> **INSTRUCTIONS TO FOLLOW**
Write out, please, each line from the one containing "Panoramic photo of" to the final line of the data, both included, exactly and without pictures.

> **INPUT DATA**
▬▬▬▬▬▬▬▬▬▬
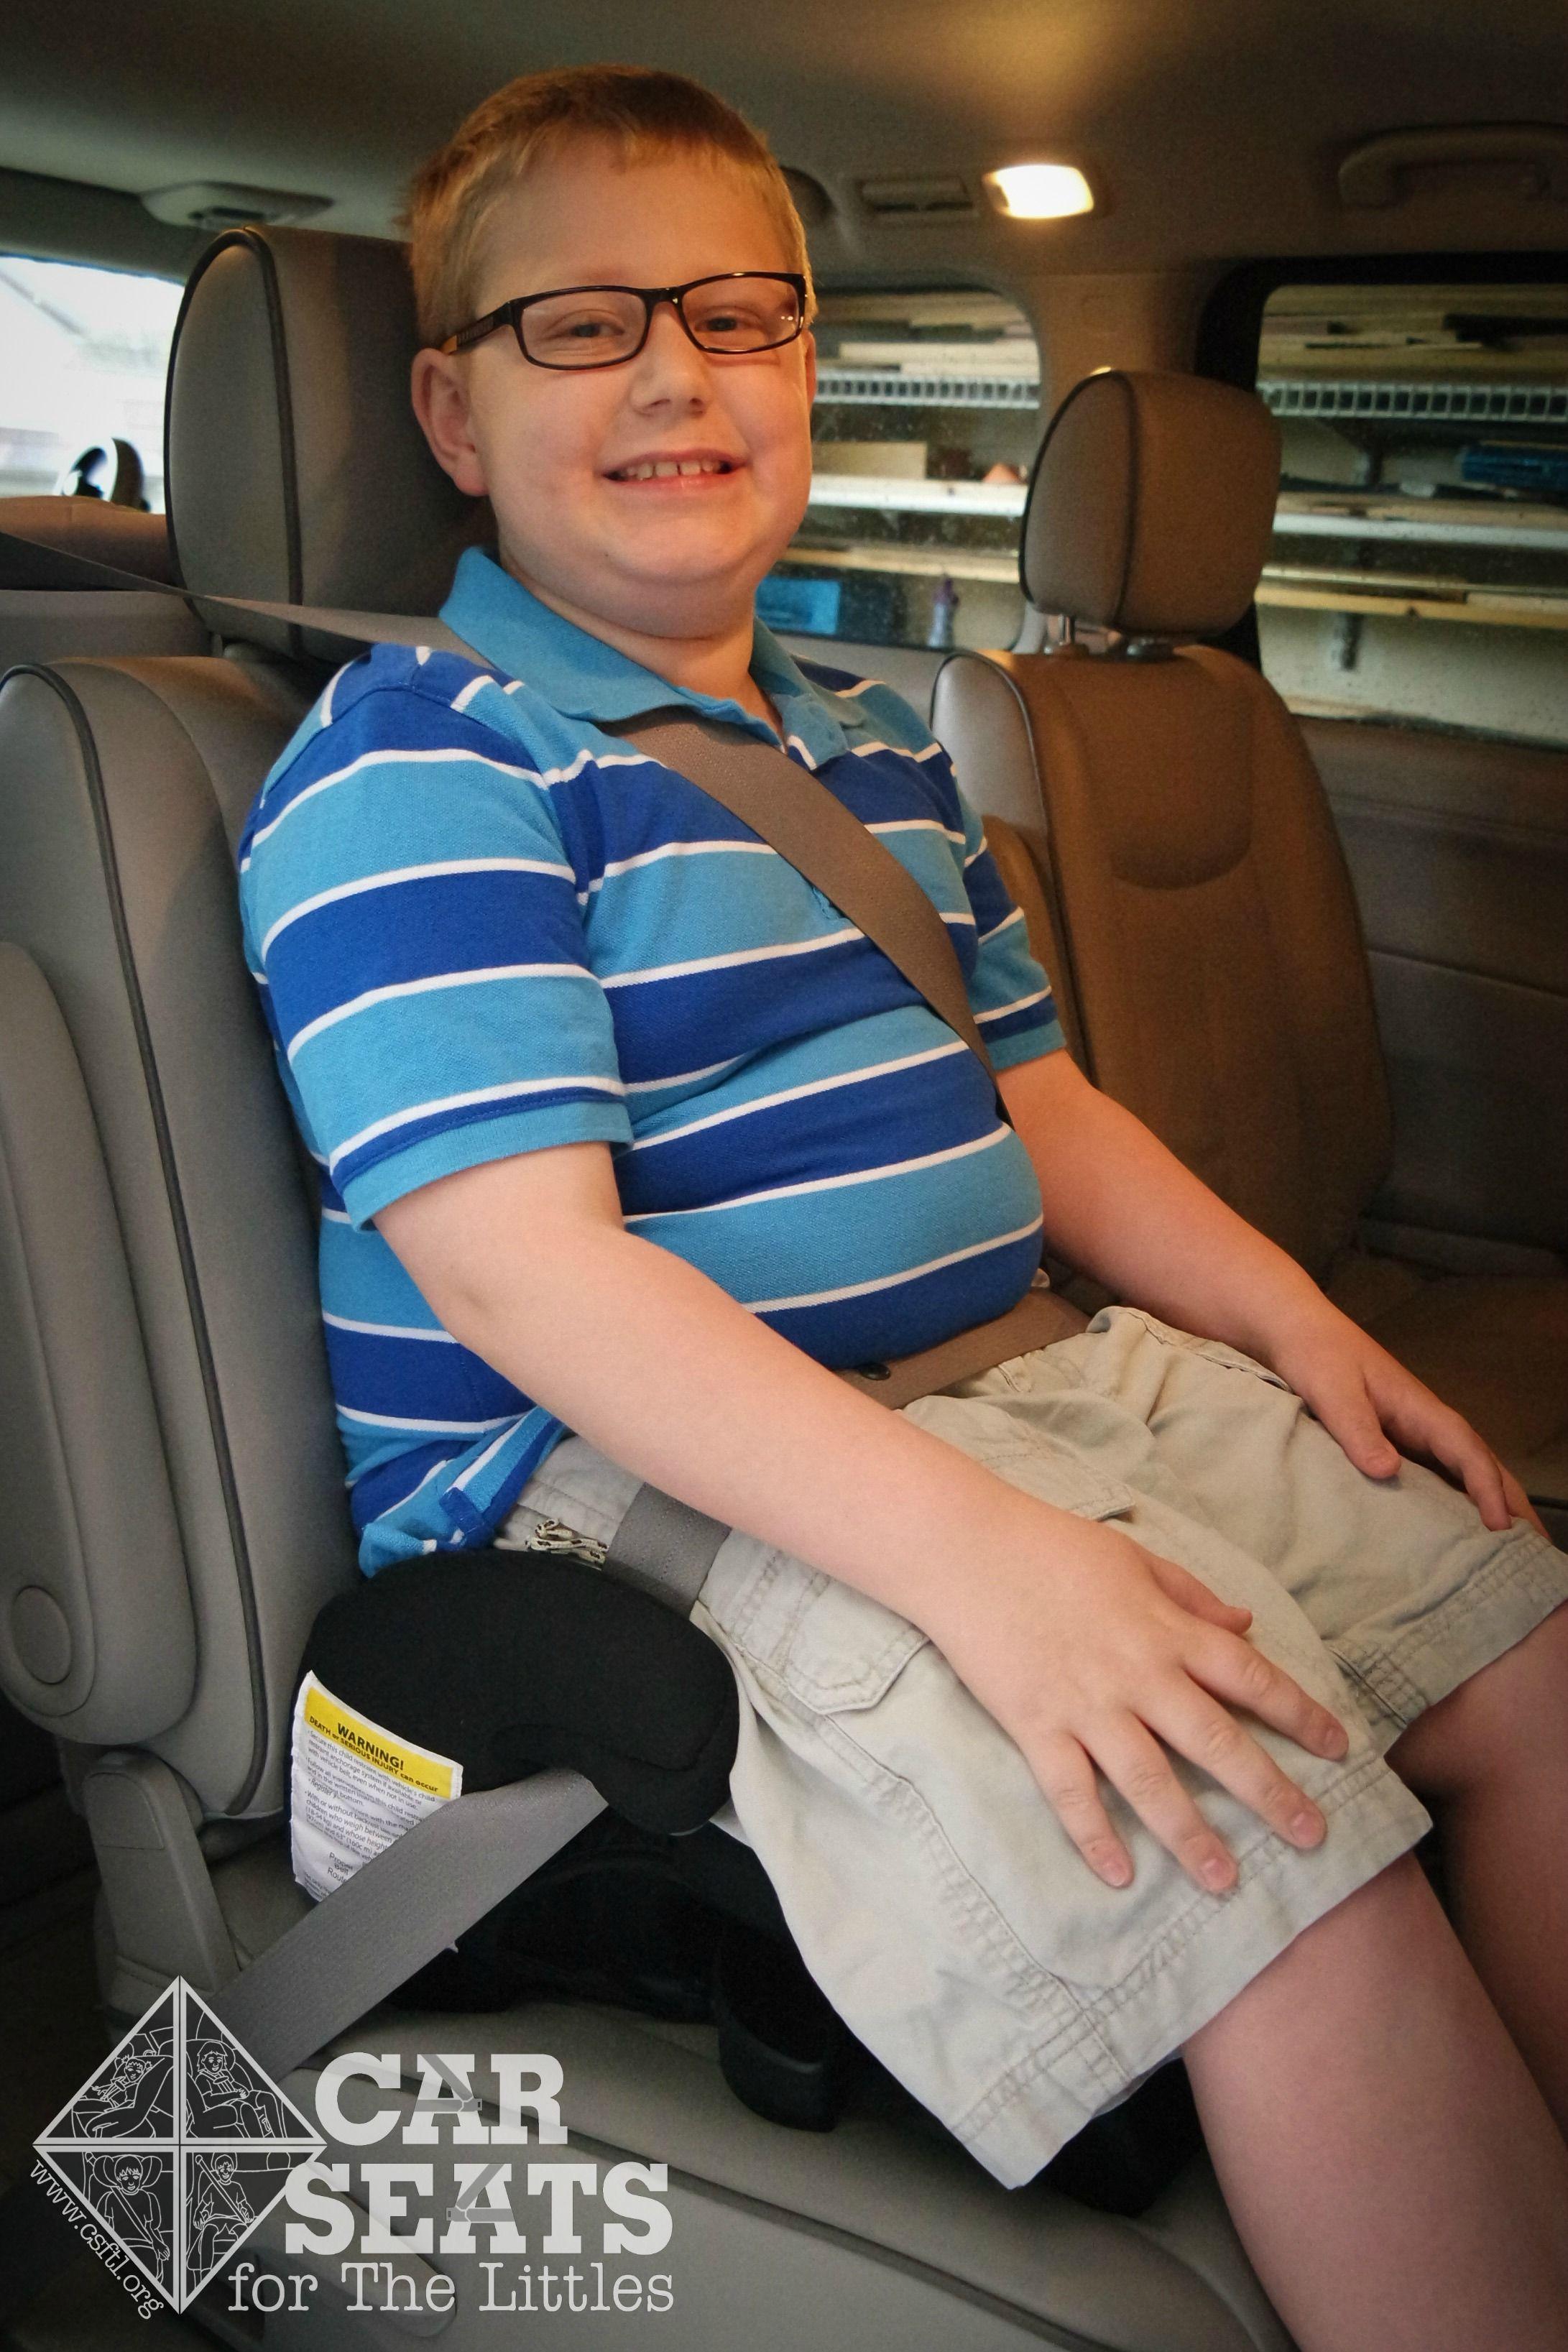 Diono Solana: 9 Year Old, 115 lbs, 52
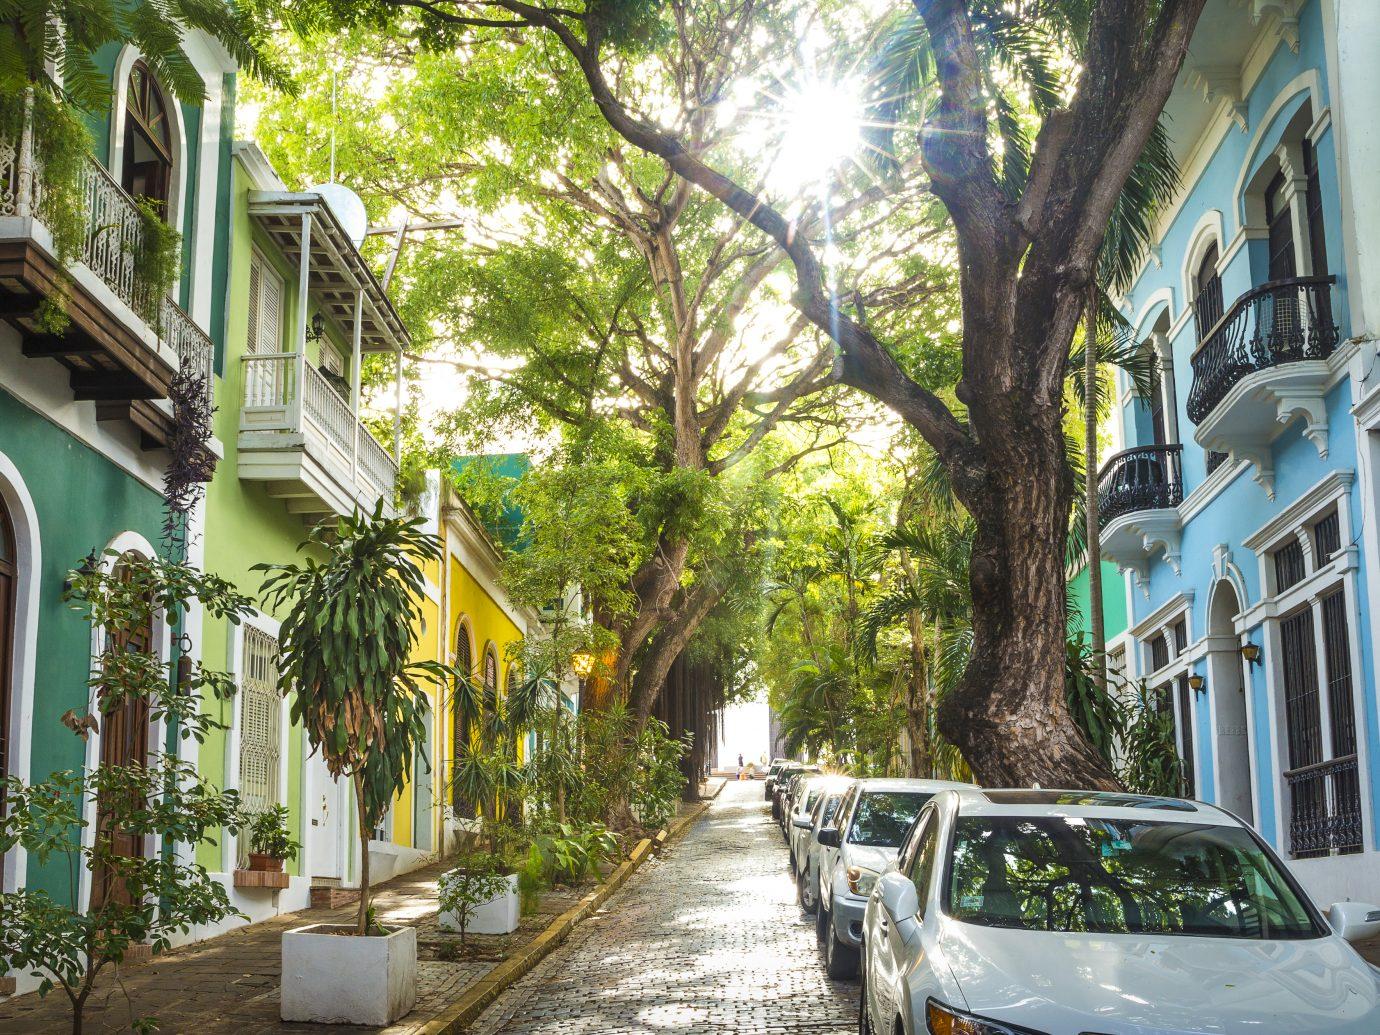 Panoramic photo of Old San Juan street in Puerto Rico
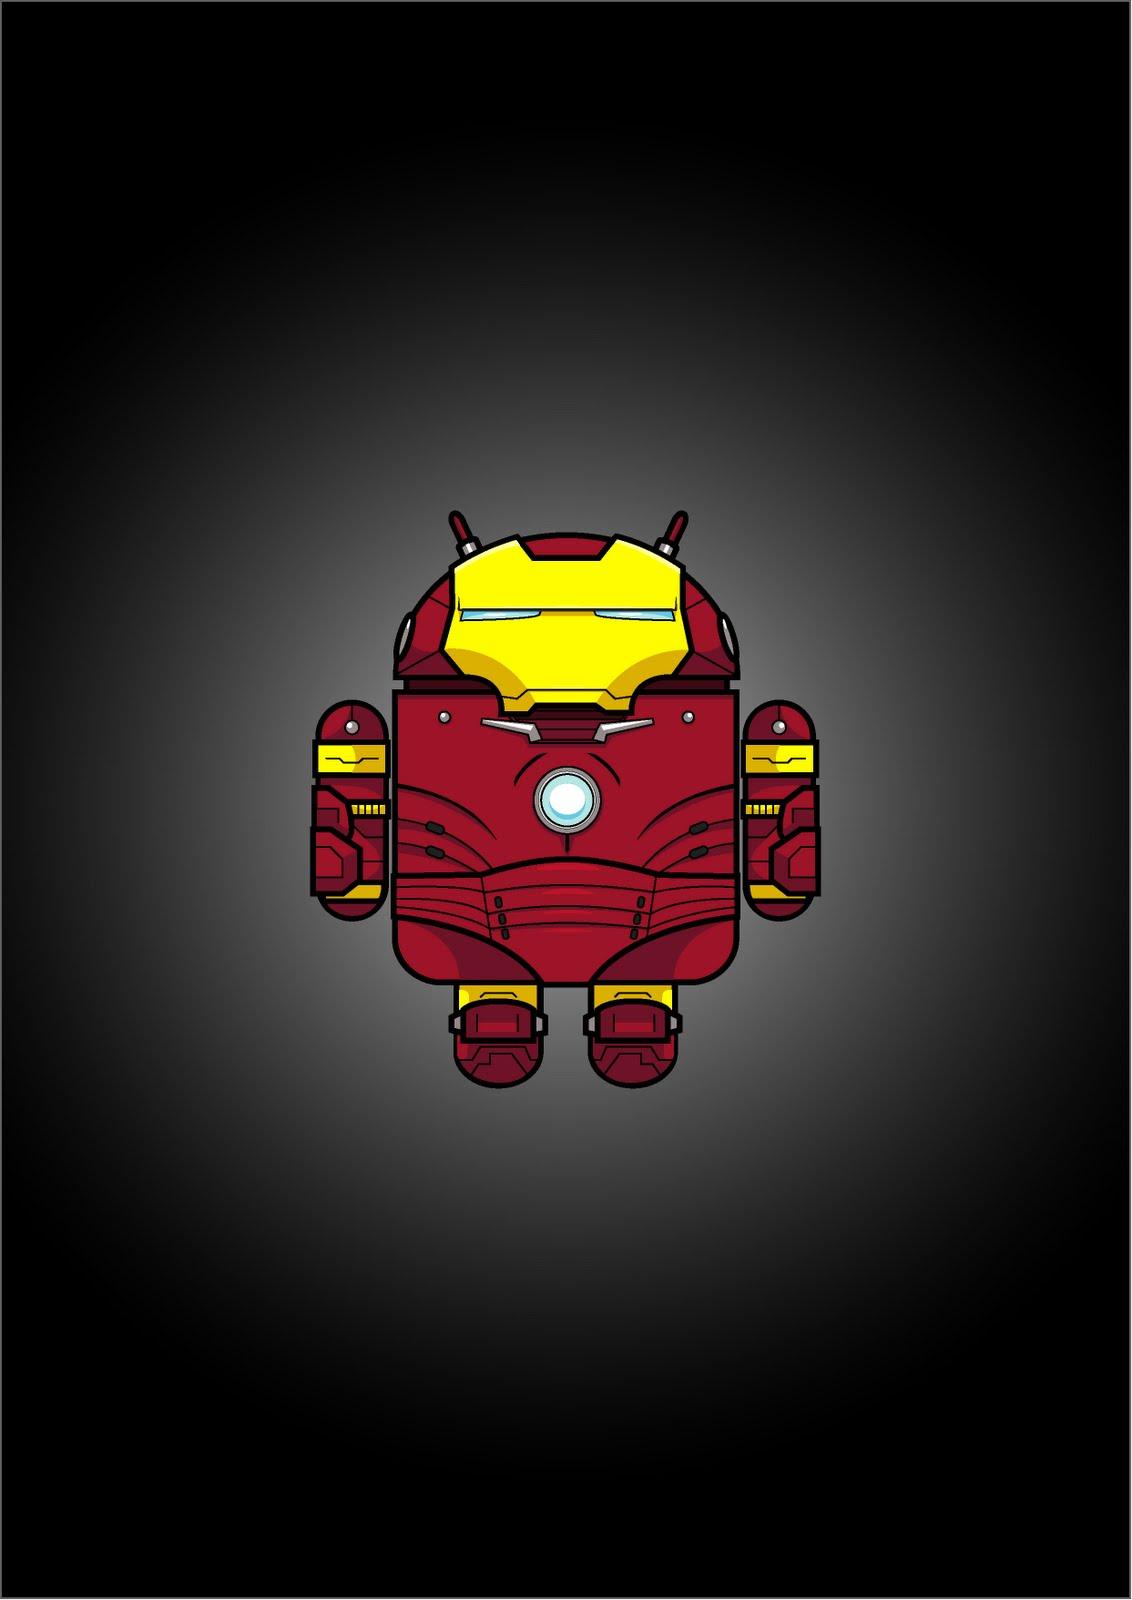 Marvel Pinball - Apps on Google Play
▬▬▬▬▬▬▬▬▬▬
> **TASK RESULT**
 Panoramic photo of Old San Juan street in Puerto Rico
 Marvel Pinball - Apps on Google Play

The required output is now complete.